Since the 2008 uprising, nearly one-hundred and fifty Tibetan monks have self-immolated in protest of the Chinese occupation of their lands. Most have died from their wounds. “If Tibetans saw even a sliver of an opportunity to hold demonstrations, then they would not resort to self-immolation,” Woeser, the dissident Tibetan poet, has written in the New York Times. The Tibetans she references includes herself: a prominent voice of the Tibetan movement, and one of the few Tibetan authors to write in Chinese, Woeser has been placed under house arrest and lives under close surveillance. Tibet On Fire is her account of the oppression Tibetans face, and the ideals driving both the self-immolators and other Tibetans like herself. Angry and clear, Tibet On Fire is a clarion call for the world to take action.

Reviews

  • Tibet on Fire is a deeply moving and humanizing book by an intrepid women with one foot in both Tibetan and Chinese societies.
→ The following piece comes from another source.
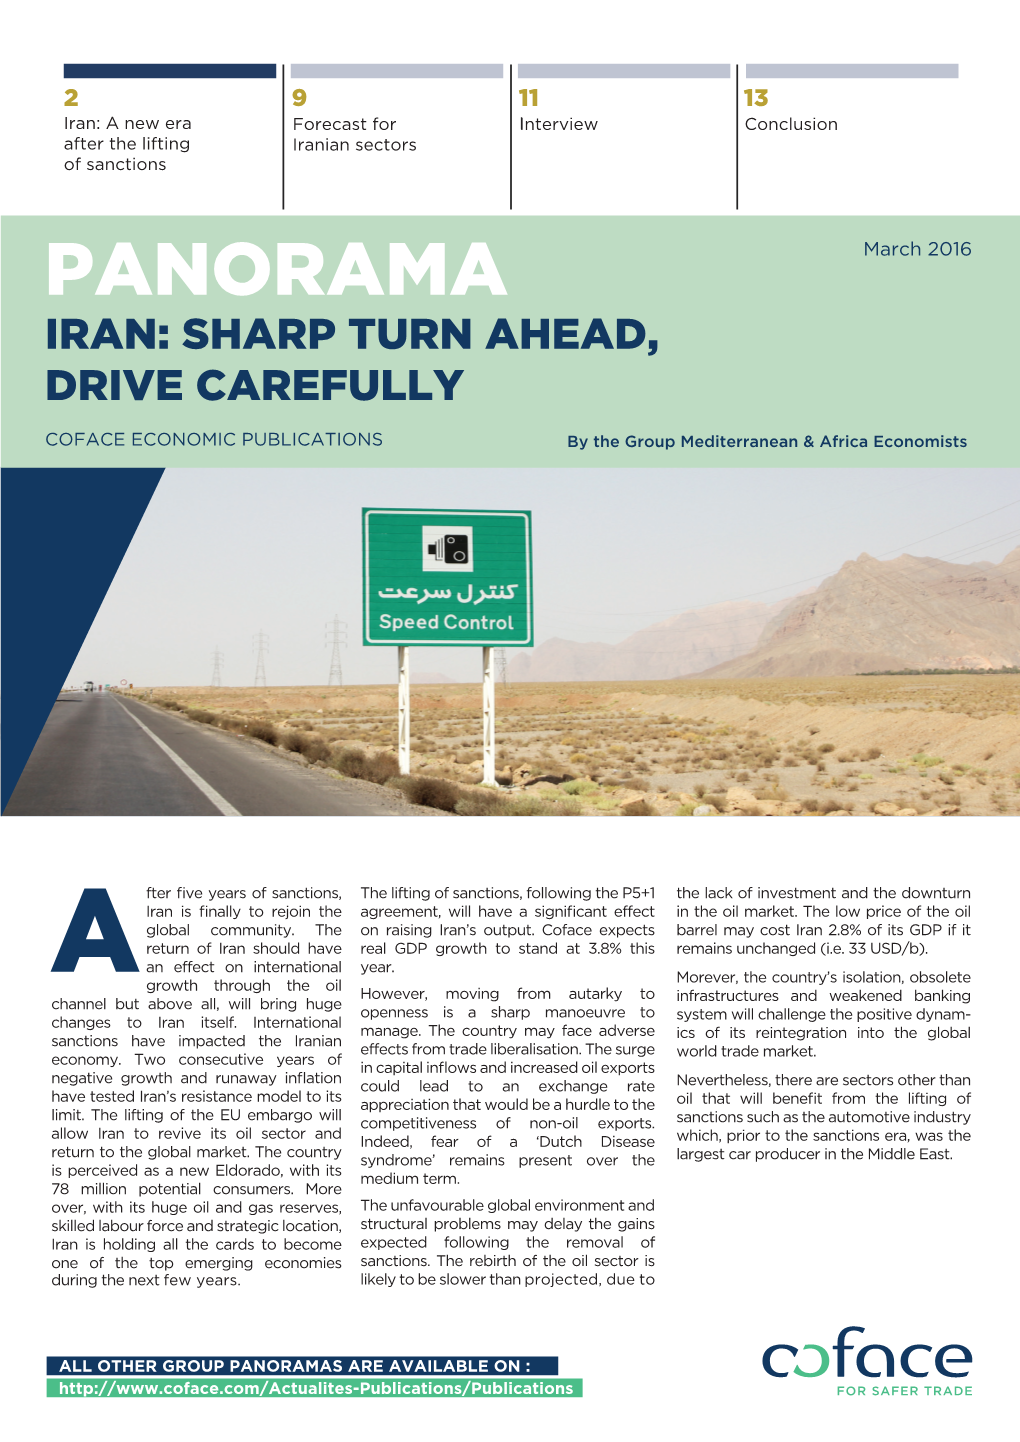 Iran: a New Era Forecast for Iinterview Conclusion After the Lifting Iranian Sectors of Sanctions PANORAMA March 2016 IRAN: SHARP TURN AHEAD, DRIVE CAREFULLY

Woeser takes us behind the headlines and helps us better understand why so many Tibetan people have chosen to end their lives in this horrific form of protest. In a country where there are fewer and fewer critical voices, Tsering Woeser stands out for her courageous and pointed criticism of China’s current ethnic policies.

    James Leibold, author of Ethnic Policy in China: Is Reform Inevitable?
  • This book is as thoroughly documented as possible. Tibet on Fire may be a concise volume, but it conveys rare voices that would otherwise be hushed.

    Spectrum Culture
  • Readers of Tsering Woeser’s essays and reportage know well how anguished she has been at the acts of self-immolation that have taken place in Tibet and Tibetan communities since 2009. An internationally renowned Tibetan poet and writer, Woeser is one of the most well-informed and trenchant commentators on Tibet today, and with this volume she presents readers with a unique and well-reasoned analysis and account of the phenomenon of self-immolation in Tibet, its precipitating causes and its significance. This is a most important book about a most urgent subject: the ongoing consequences of continued Chinese repression in Tibet.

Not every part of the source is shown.